As you tour from region to region, you will notice every region has a signature type of bread, which largely depends on which colonial power occupied the region. Basic round loaves called khobz to denser ones with a blend of flours to French-style baguettes and Berber flatbreads Msemmen or Rghayef a flaky flatbread like an Indian paratha. To name a few varieties: the Harcha, a buttery bread, or Beghrir, spongy crepe.
A widely practised tradition is baking bread in outdoor ovens or “Ferran”, as they are called. You will find many women carrying the proofed dough and baked bread to and from the community oven.
Savoury Pastries
Hot, stuffed phyllo triangle shapes called briouats are delectable appetizers. The stuffing can vary from spicy meat keftas to sweet and thickened rice and milk. The more balanced one is a filling of jben - fresh unsalted cheese.
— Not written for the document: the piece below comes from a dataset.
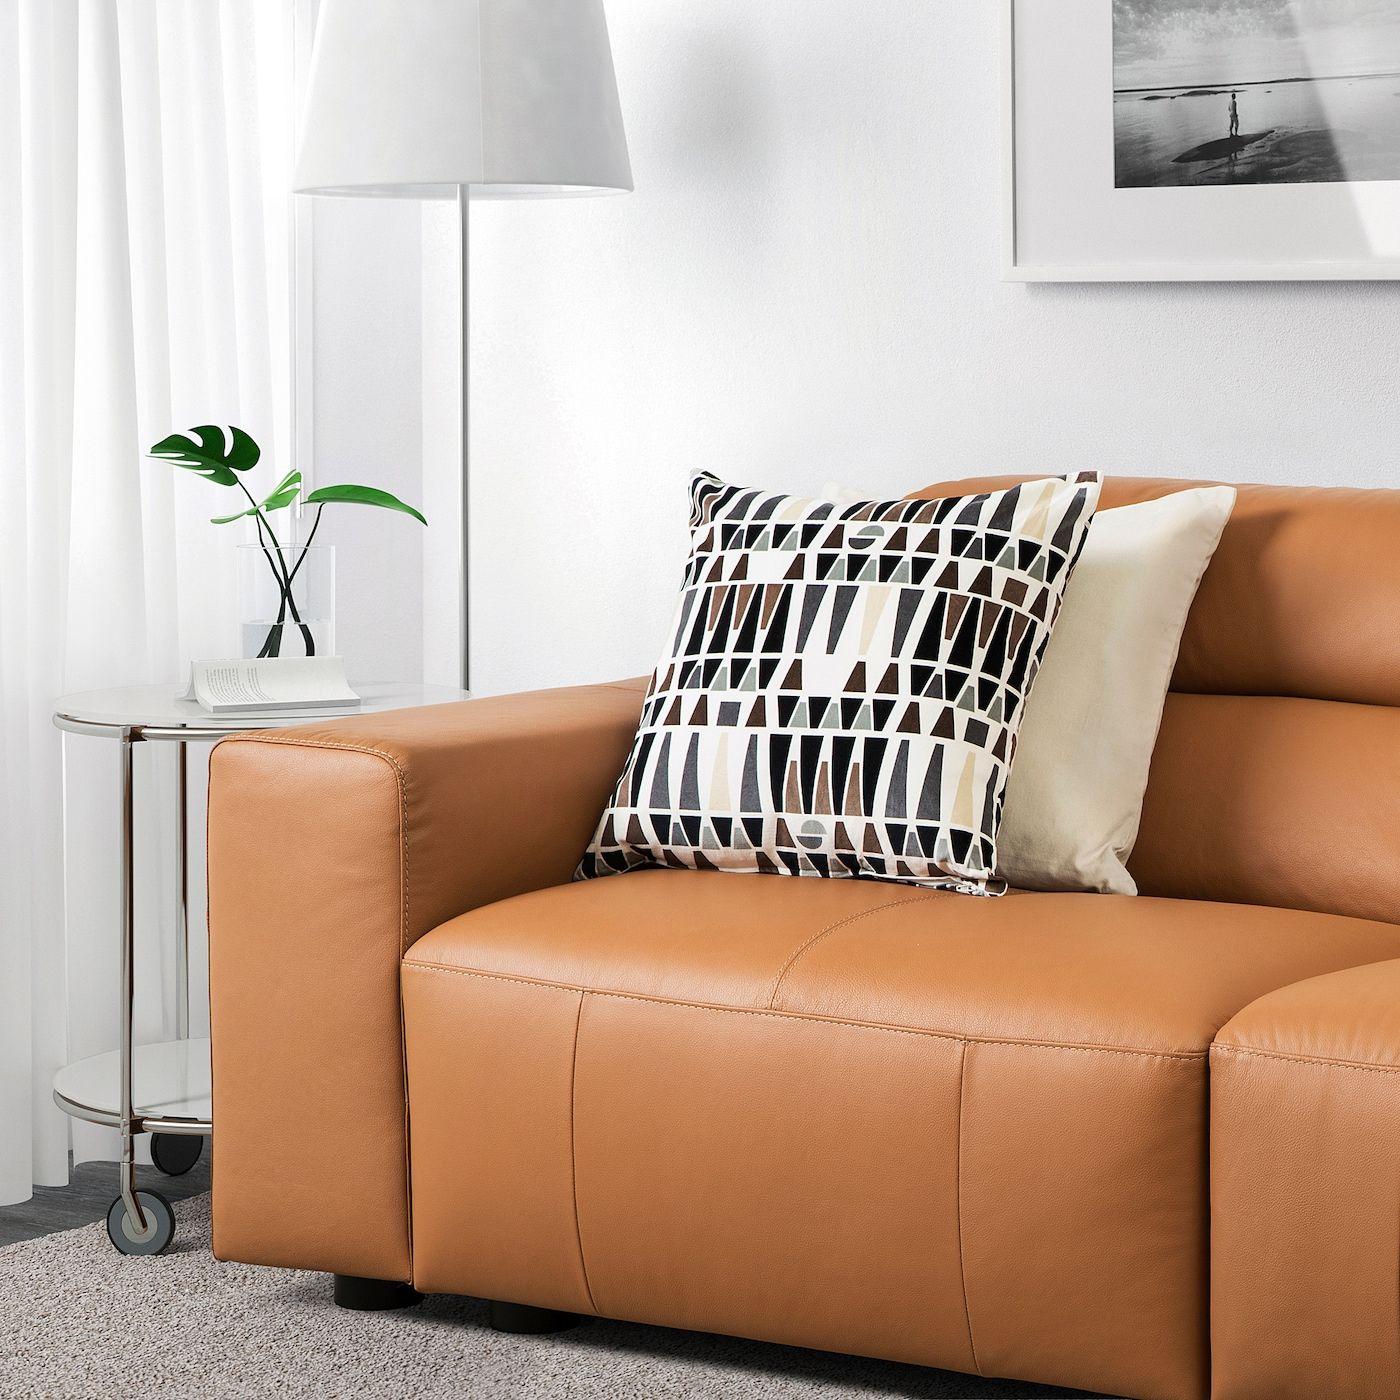 SNOGGE Ecksofa 3-sitzig – Grann ohne Abschluss rechts, Grann goldbraun – IKEA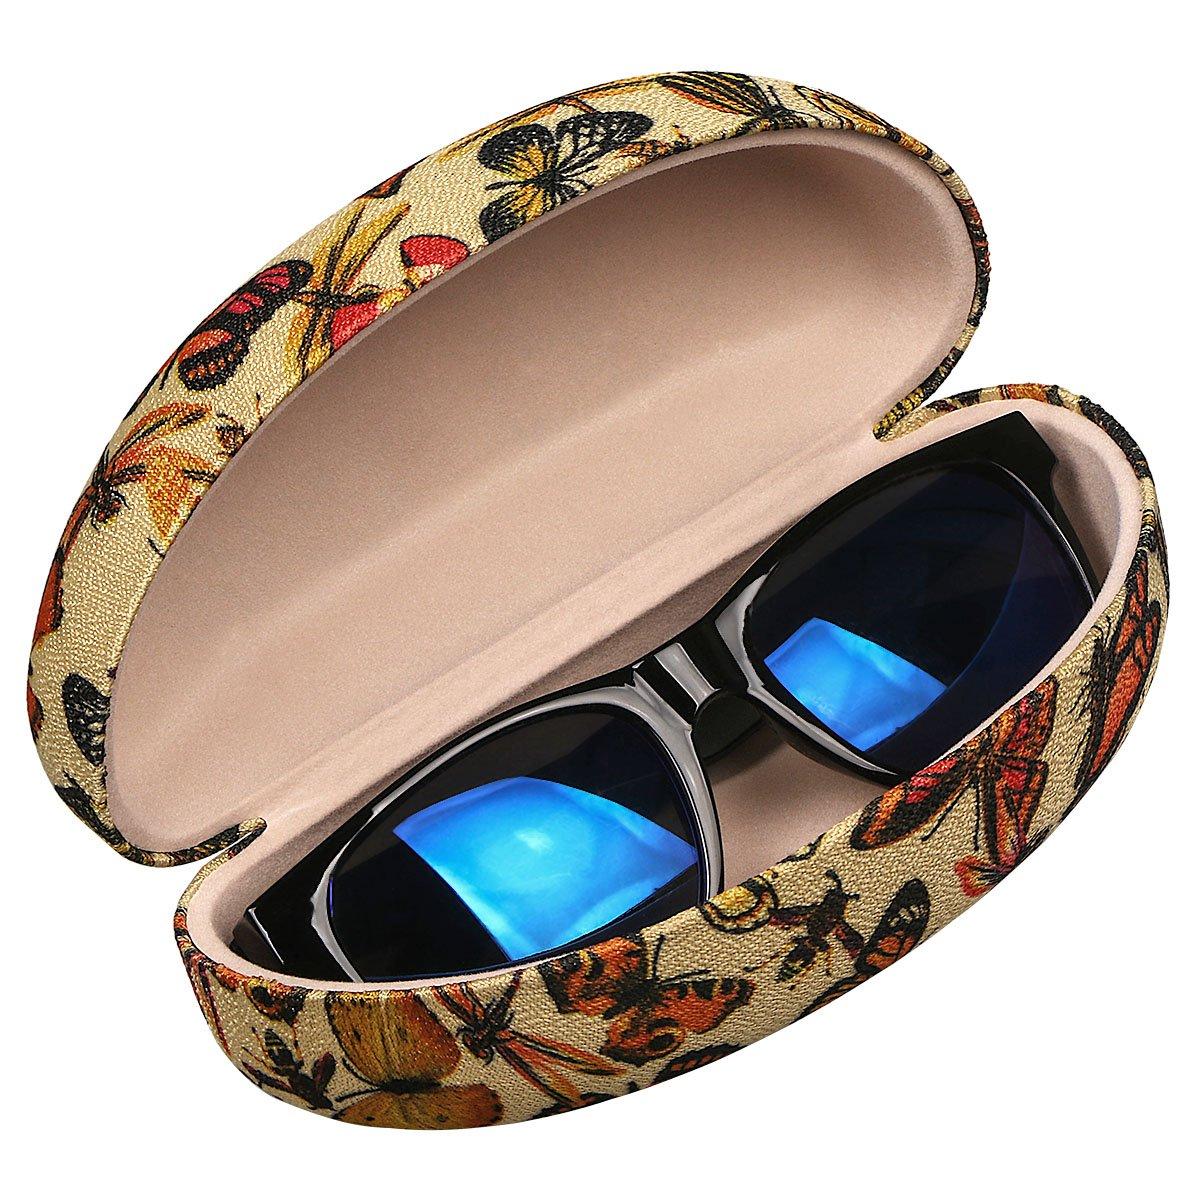 xhorizon FL1 Hard Shell Sunglasses Case,Classic Extra Large Case for Oversized Sunglasses and Eyeglasses

The emblematic stuffed Moroccan pastry called pastilla (also spelt b’stilla) is filled with a rich mixture of poultry, dry fruits and spice such as pigeon or chicken, eggs, almonds and cinnamon. A seafood variety; with fish, calamari and shrimp are modern, festive and very popular.
Soups
Harira & Bessara dominate the Moroccan table. Whether it's restaurants or home-cooked, these soups are widely enjoyed from north tip to south in the desert, from the coastlines to mountains.
Harira is smooth with tomato-based puree seasoned with fresh, rich herbs. During Ramadan, it is customary that a pot filled with Harira is readily available throughout the day, and this is the first dish to break the fast.
Bessara, the rustic soup of the mountains, is a lightly textured thick fava bean puree topped with local olive oil. It is best consumed with classic round slices of bread or olive, onion bread.
Meat dishes
M’rouzia - Salty-Sweet Glazed Lamb with Almonds and Raisins
This is a symbolic dish of Eid al-Adha, one of the most important feasts of the year. To honour the sacrifice of Abraham’s son, lambs are slaughtered as an offering across the country. The sauce should be thick with a deep brown glaze at the end of cooking. Ras el hanout the spice mix is crucial, giving a complex taste of a spicy base to the honeyed sweetness.
Mkila - Lamb with Garlic, Cumin, and Coriander. Mkila is a speciality of Salé, a medieval city close to Rabat. Chunks of lamb or kid are rubbed liberally in a mixture of salt, garlic paste and ground cumin and cooked until the meat starts to fall off the bone.
Tagines
One of the country’s most important and traditional cooking methods is the tagine, a savoury stew or ragout slow-cooked in the round, earthenware pot or ceramic casserole painted or glazed to make it look attractive. It has a shallow base with a tall conical lid. The lid fits into the base’s indented rim and acts as a closed chimney. The key is the lid, which captures the steam rising from the cooking meat, poultry, or fish and enables it to condense on the lid’s walls so that moisture falls back onto the simmering food, stopping the loss of moisture or flavour. Tagines are perfect for slow cooking, whether over a charcoal filled brazier or the low to medium heat on a stove.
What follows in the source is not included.